---- Data for analysis
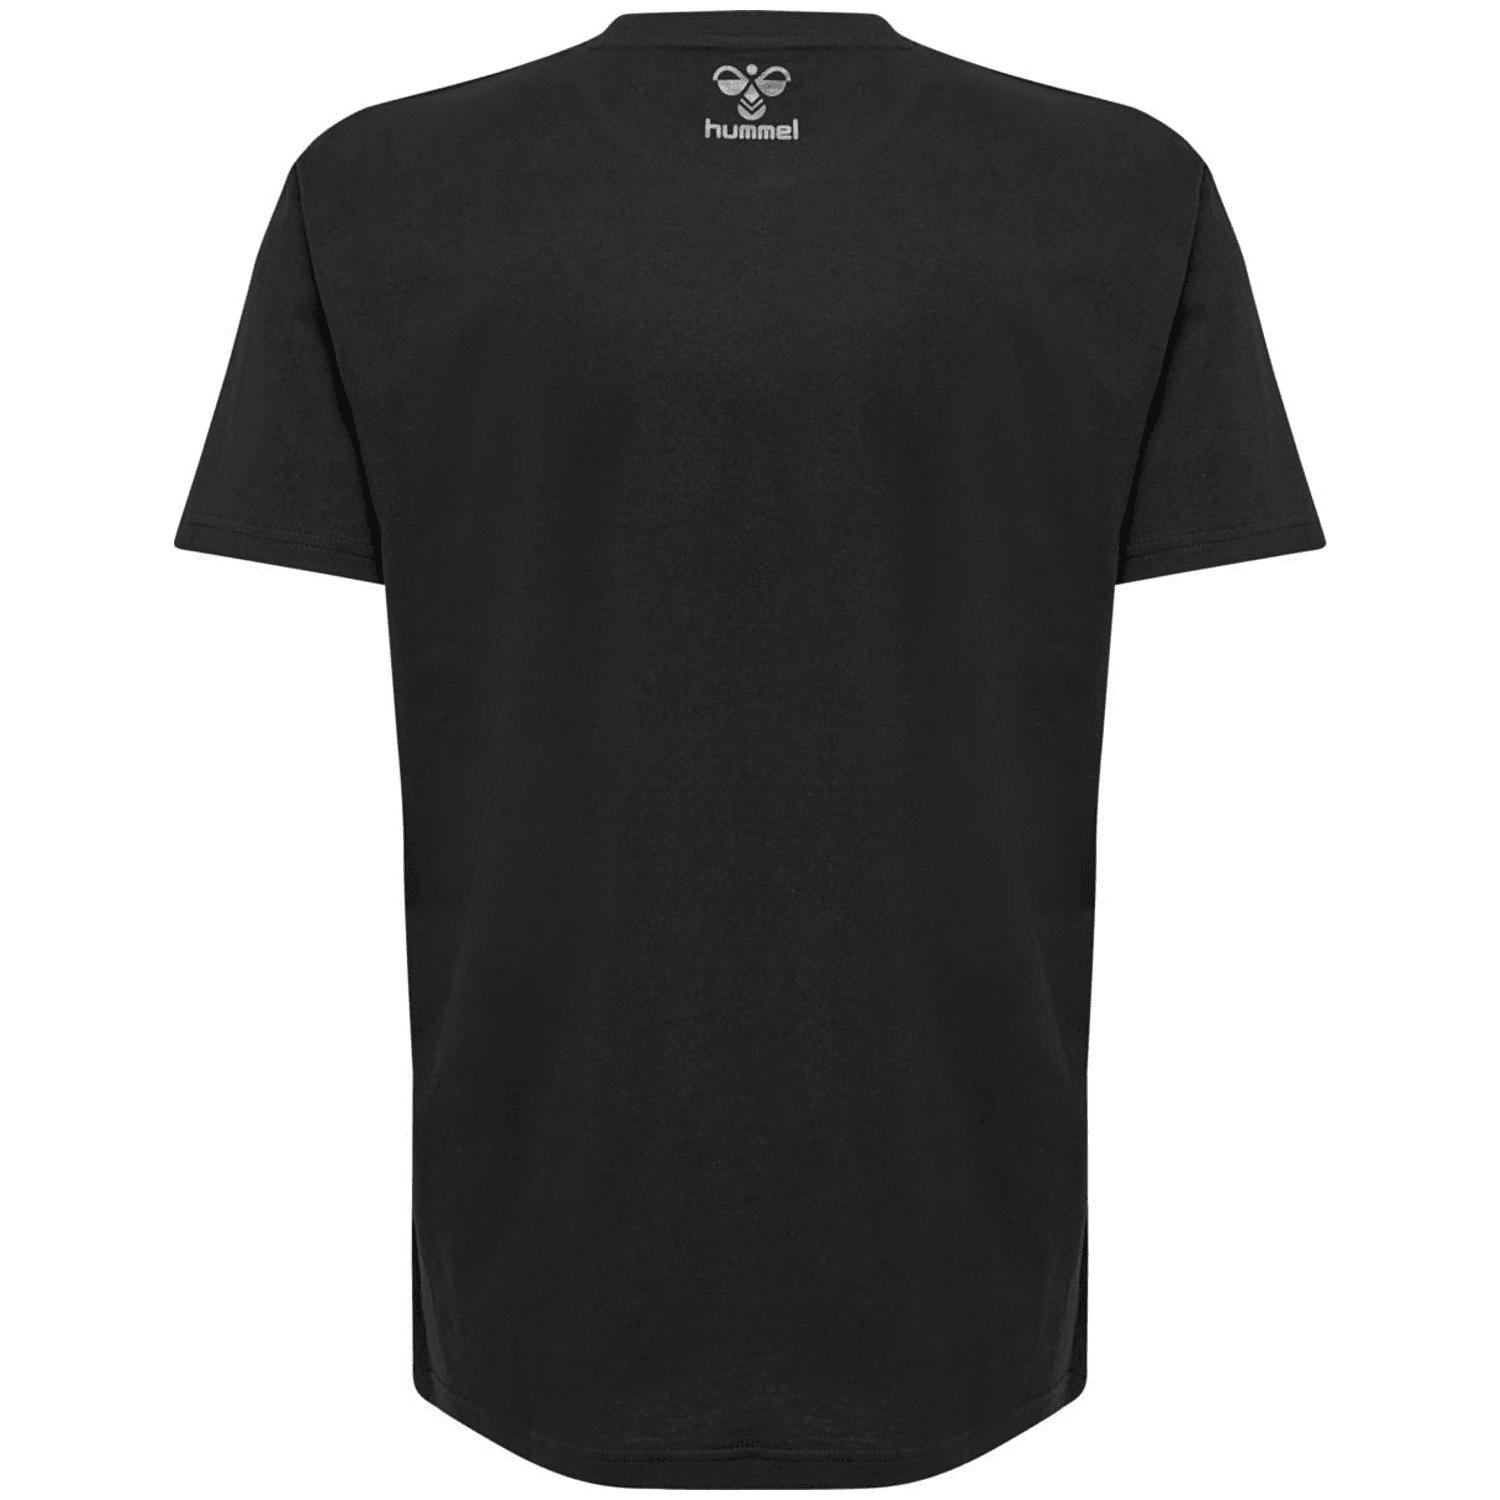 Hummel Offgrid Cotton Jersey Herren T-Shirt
--------
---- Data for analysis
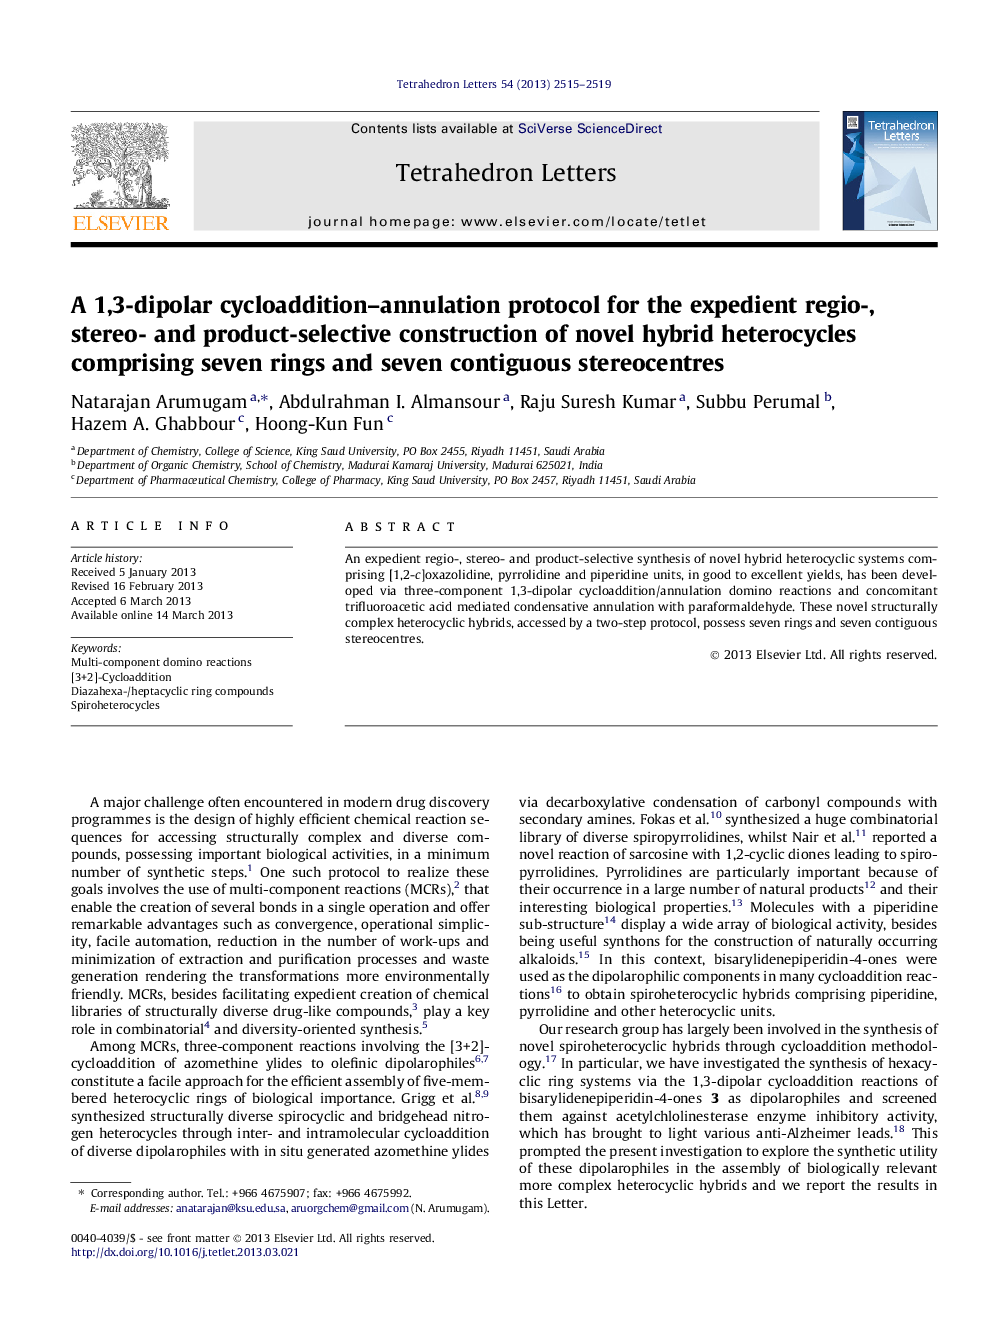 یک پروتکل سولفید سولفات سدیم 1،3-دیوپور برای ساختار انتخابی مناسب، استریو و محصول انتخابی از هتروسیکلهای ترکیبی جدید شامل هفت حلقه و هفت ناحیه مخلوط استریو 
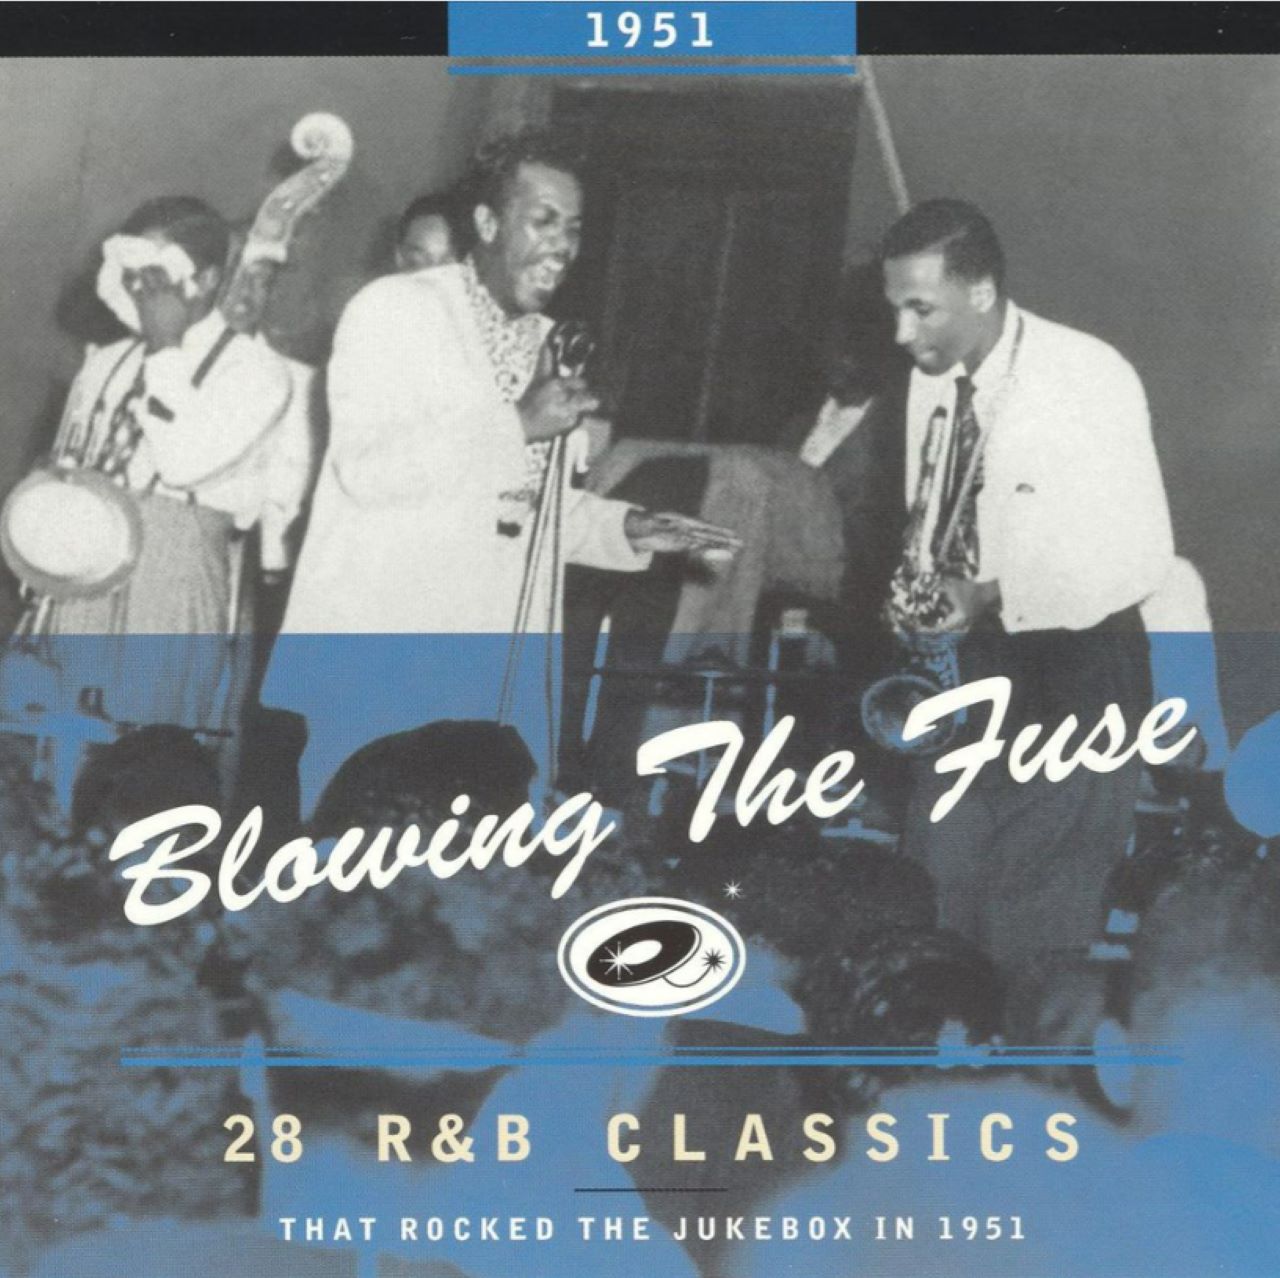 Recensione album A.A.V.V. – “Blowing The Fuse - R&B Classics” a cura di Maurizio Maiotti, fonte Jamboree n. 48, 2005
--------
---- Data for analysis
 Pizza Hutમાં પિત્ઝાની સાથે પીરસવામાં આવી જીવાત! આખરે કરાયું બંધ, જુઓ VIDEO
--------
- _Task item_:
Above are some records; extract exactly the lines from the one containing "یک پروتکل سولفید" through the one containing "Recensione album A.A.V.V." and drop the pictures.

- _Exercise output_:
 یک پروتکل سولفید سولفات سدیم 1،3-دیوپور برای ساختار انتخابی مناسب، استریو و محصول انتخابی از هتروسیکلهای ترکیبی جدید شامل هفت حلقه و هفت ناحیه مخلوط استریو 
 Recensione album A.A.V.V. – “Blowing The Fuse - R&B Classics” a cura di Maurizio Maiotti, fonte Jamboree n. 48, 2005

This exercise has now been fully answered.